Why does my "equation" grammar break the parser? - parsing

Currently, my parser file looks like this:
%{
#include <stdio.h>
#include <math.h>
int yylex();
void yyerror (const char *s);
%}
%union {
long num;
char* str;
}
%start line
%token print
%token exit_cmd
%token <str> identifier
%token <str> string
%token <num> number
%%
line: assignment {;}
| exit_stmt {;}
| print_stmt {;}
| line assignment {;}
| line exit_stmt {;}
| line print_stmt {;}
;
assignment: identifier '=' number {printf("Assigning var %s to value %d\n", $1, $3);}
| identifier '=' string {printf("Assigning var %s to value %s\n", $1, $3);}
;
exit_stmt: exit_cmd {exit(0);}
;
print_stmt: print print_expr {;}
;
print_expr: string {printf("%s\n", $1);}
| number {printf("%d\n", $1);}
;
%%
int main(void)
{
return yyparse();
}
void yyerror (const char *s) {fprintf(stderr, "%s\n", s);}
Giving the input: myvar = 3 gives the output Assigning var myvar = 3 to value 3, as expected.

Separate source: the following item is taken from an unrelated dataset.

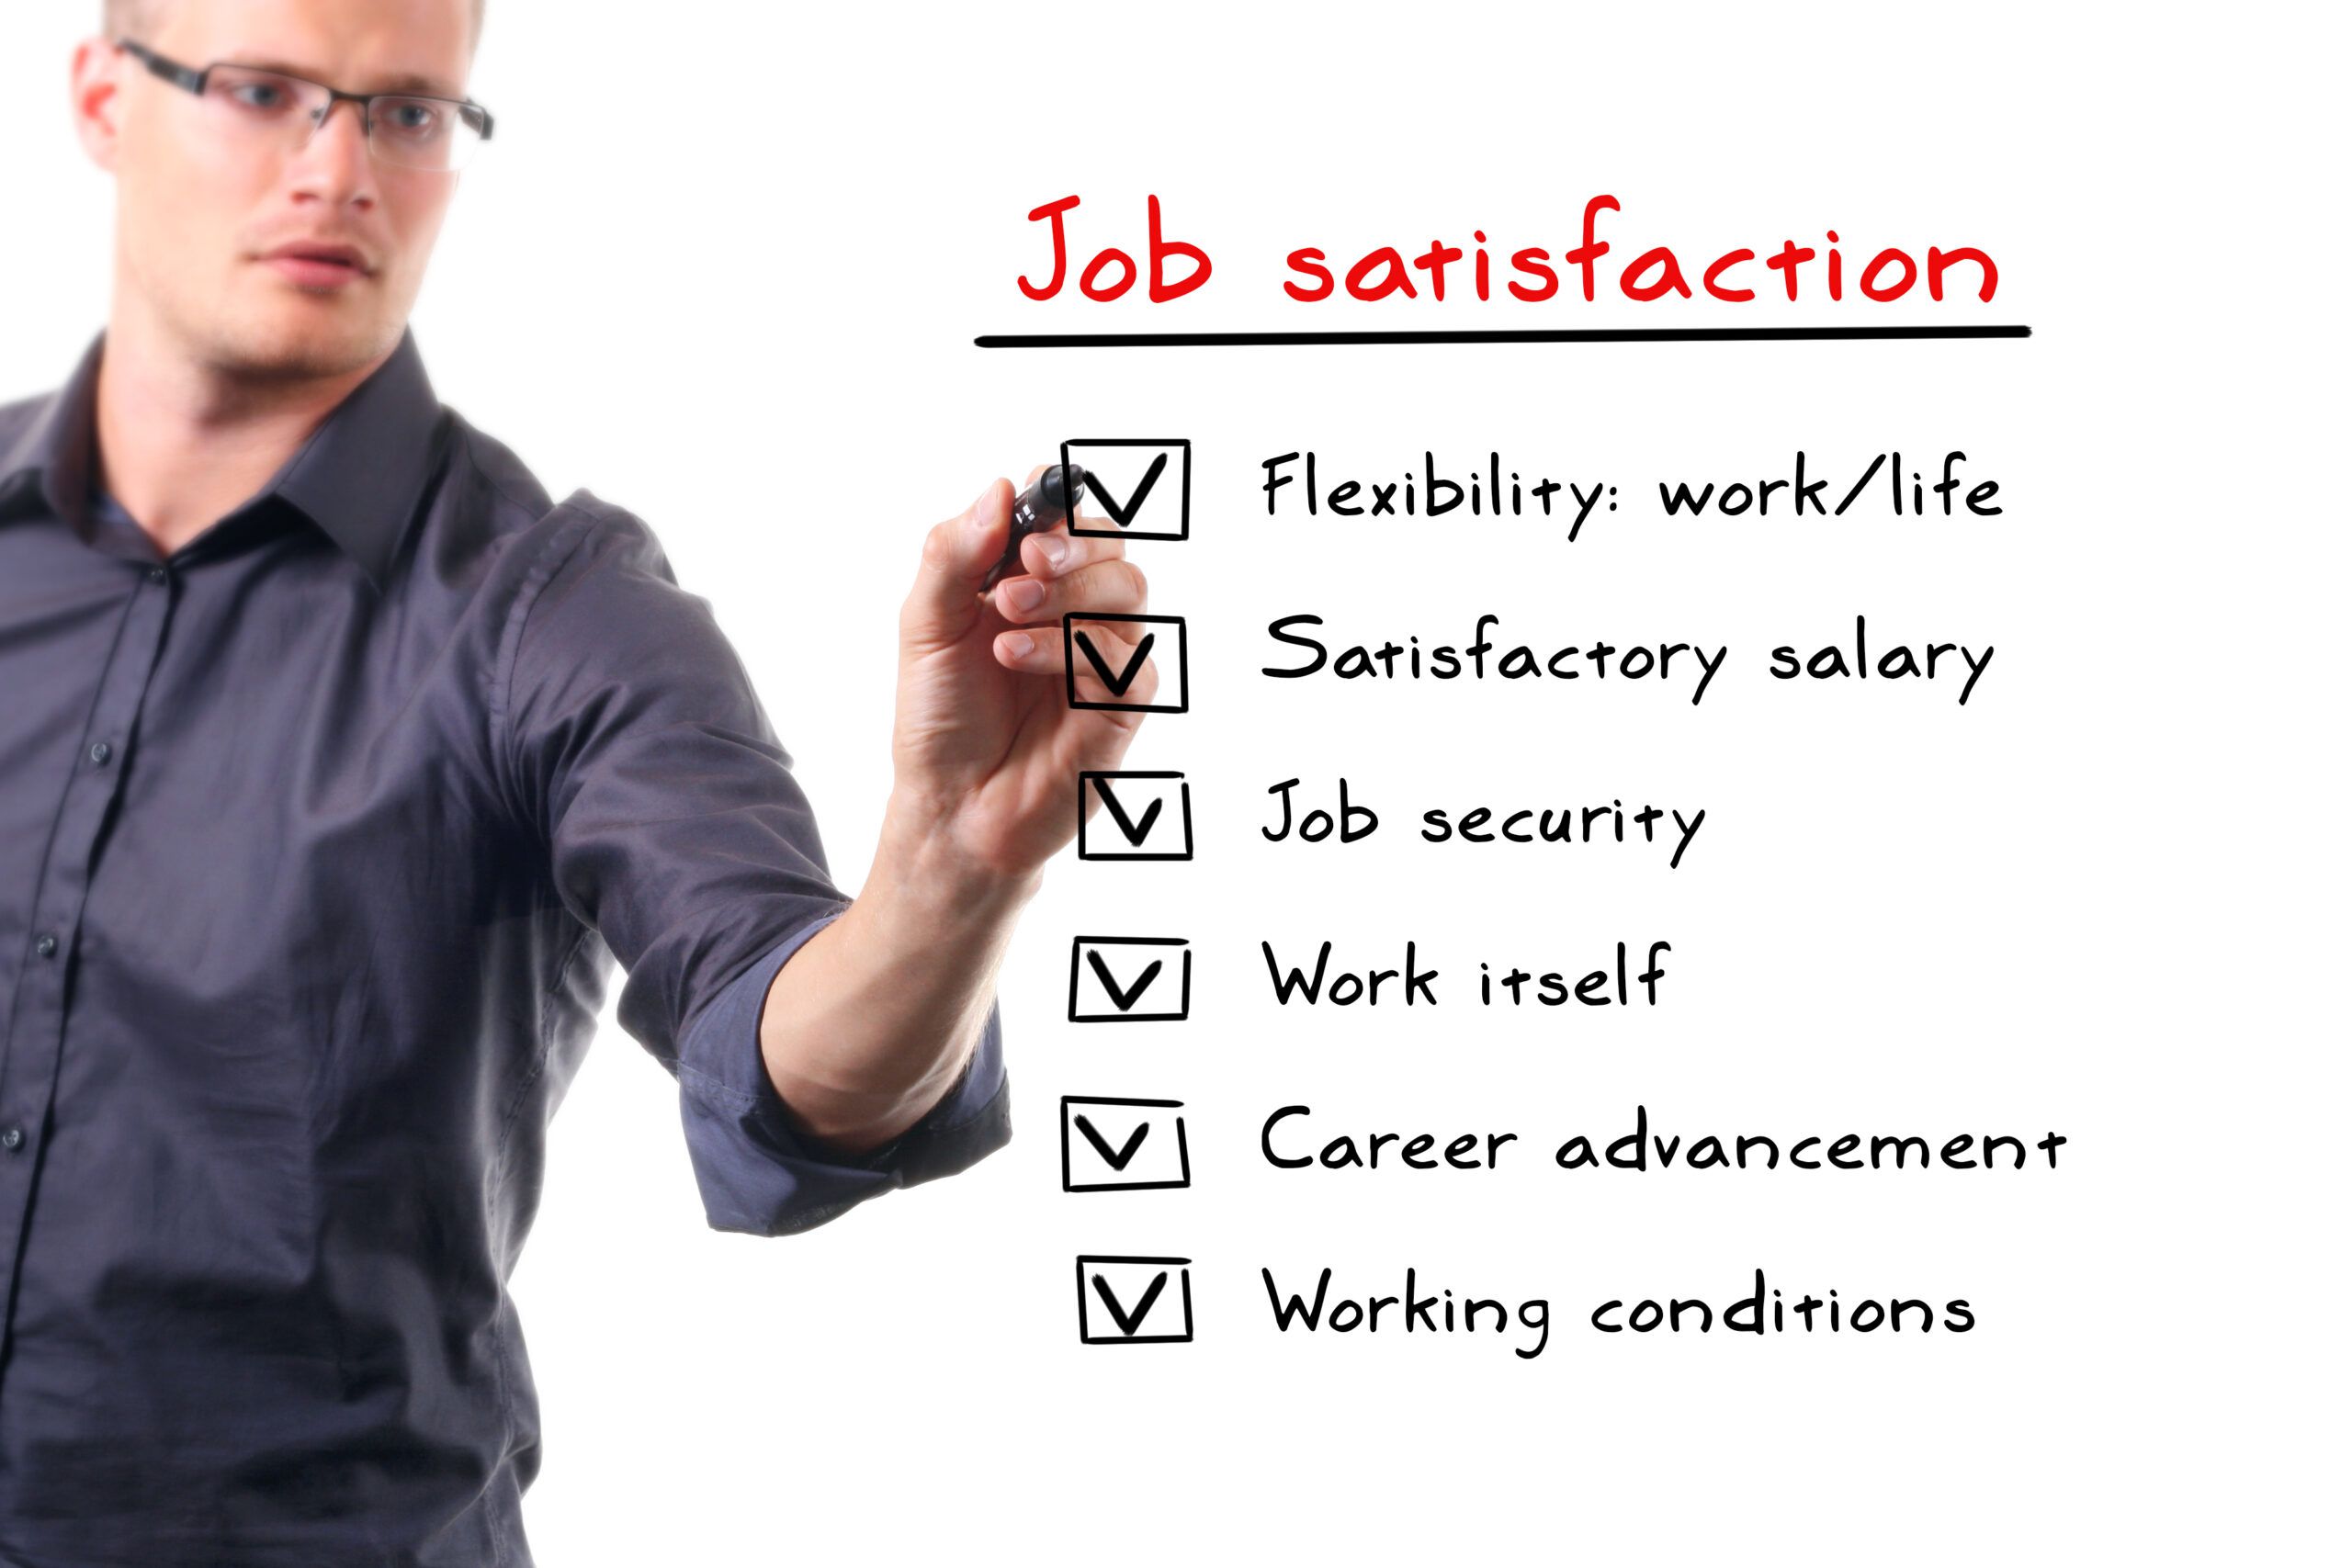 عوامل موثر در رضایت شغلی
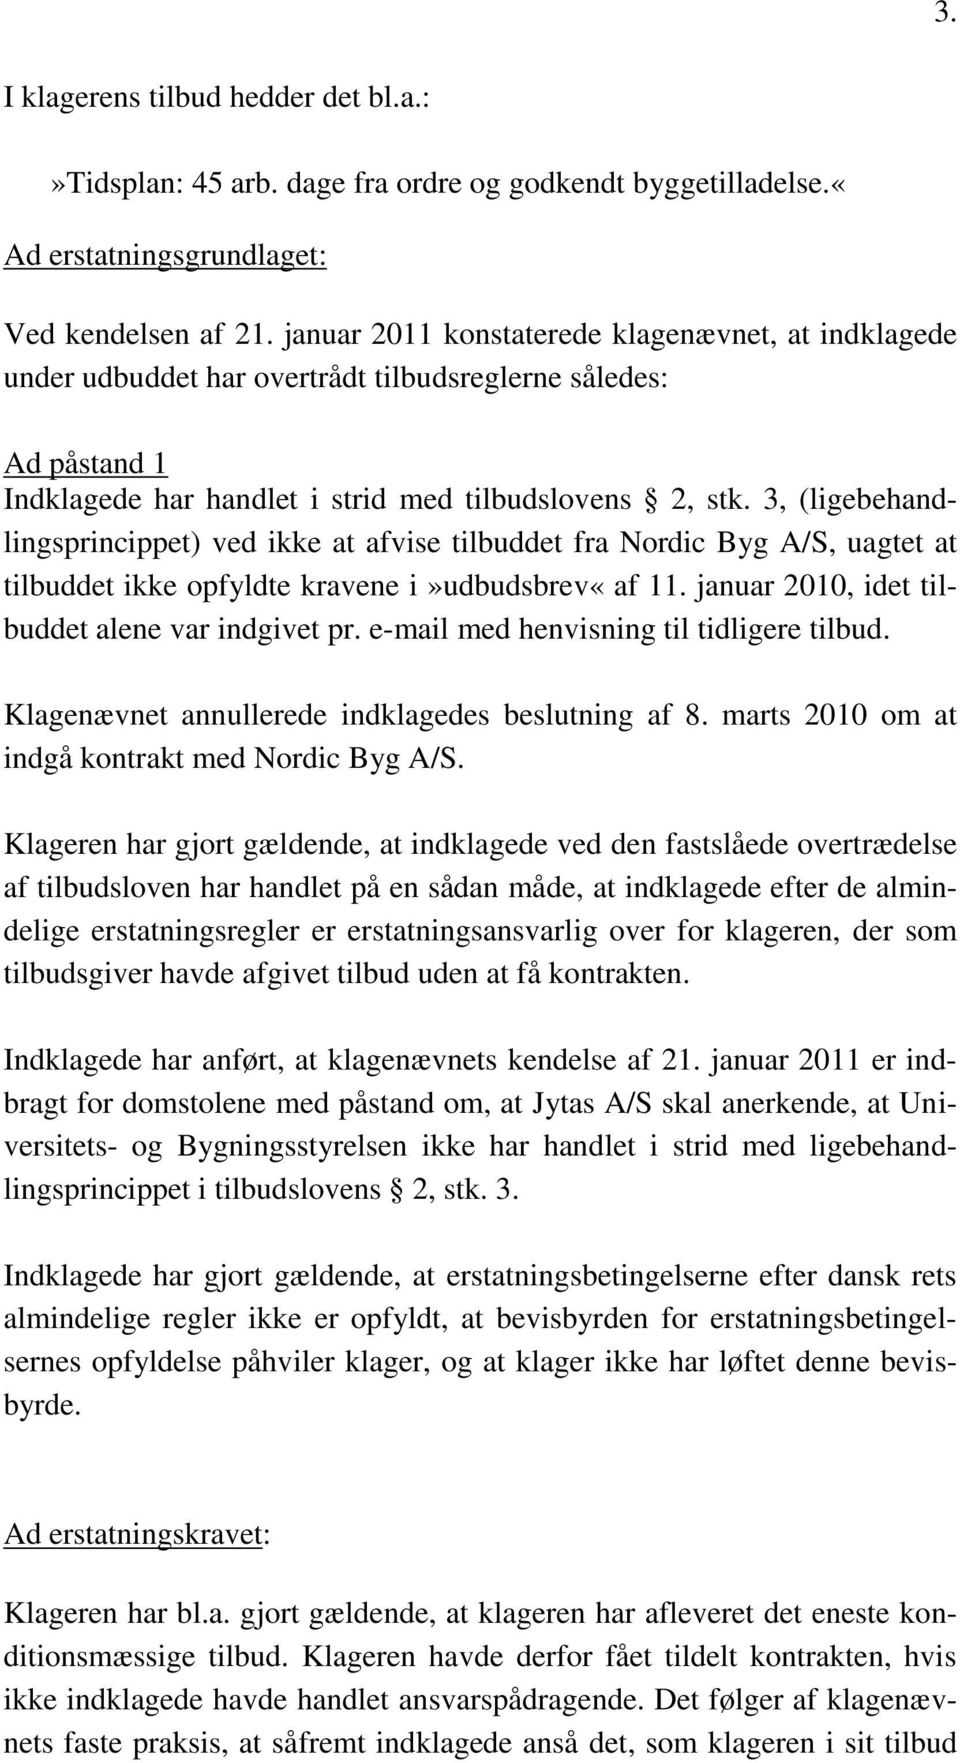 3, (ligebehandlingsprincippet) ved ikke at afvise tilbuddet fra Nordic Byg A/S, uagtet at tilbuddet ikke opfyldte kravene i»udbudsbrev«af 11. januar 2010, idet tilbuddet alene var indgivet pr.

However, modifying the code to include an equation grammar rule breaks such assignments.
Equation grammar:
equation: number '+' number {$$ = $1 + $3;}
| number '-' number {$$ = $1 - $3;}
| number '*' number {$$ = $1 * $3;}
| number '/' number {$$ = $1 / $3;}
| number '^' number {$$ = pow($1, $3);}
| equation '+' number {$$ = $1 + $3;}
| equation '-' number {$$ = $1 - $3;}
| equation '*' number {$$ = $1 * $3;}
| equation '/' number {$$ = $1 / $3;}
| equation '^' number {$$ = pow($1, $3);}
;
Modifying the assignment grammar accordingly as well:
assignment: identifier '=' number {printf("Assigning var %s to value %d\n", $1, $3);}
| identifier '=' equation {printf("Assigning var %s to value %d\n", $1, $3);}
| identifier '=' string {printf("Assigning var %s to value %s\n", $1, $3);}
;
And giving the equation rule the type of num in the parser's first section:
%type <num> equation
Giving the same input: var = 3 freezes the program.
I know this is a long question but can anyone please explain what is going on here?
Also, here's the lexer in case you wanna take a look.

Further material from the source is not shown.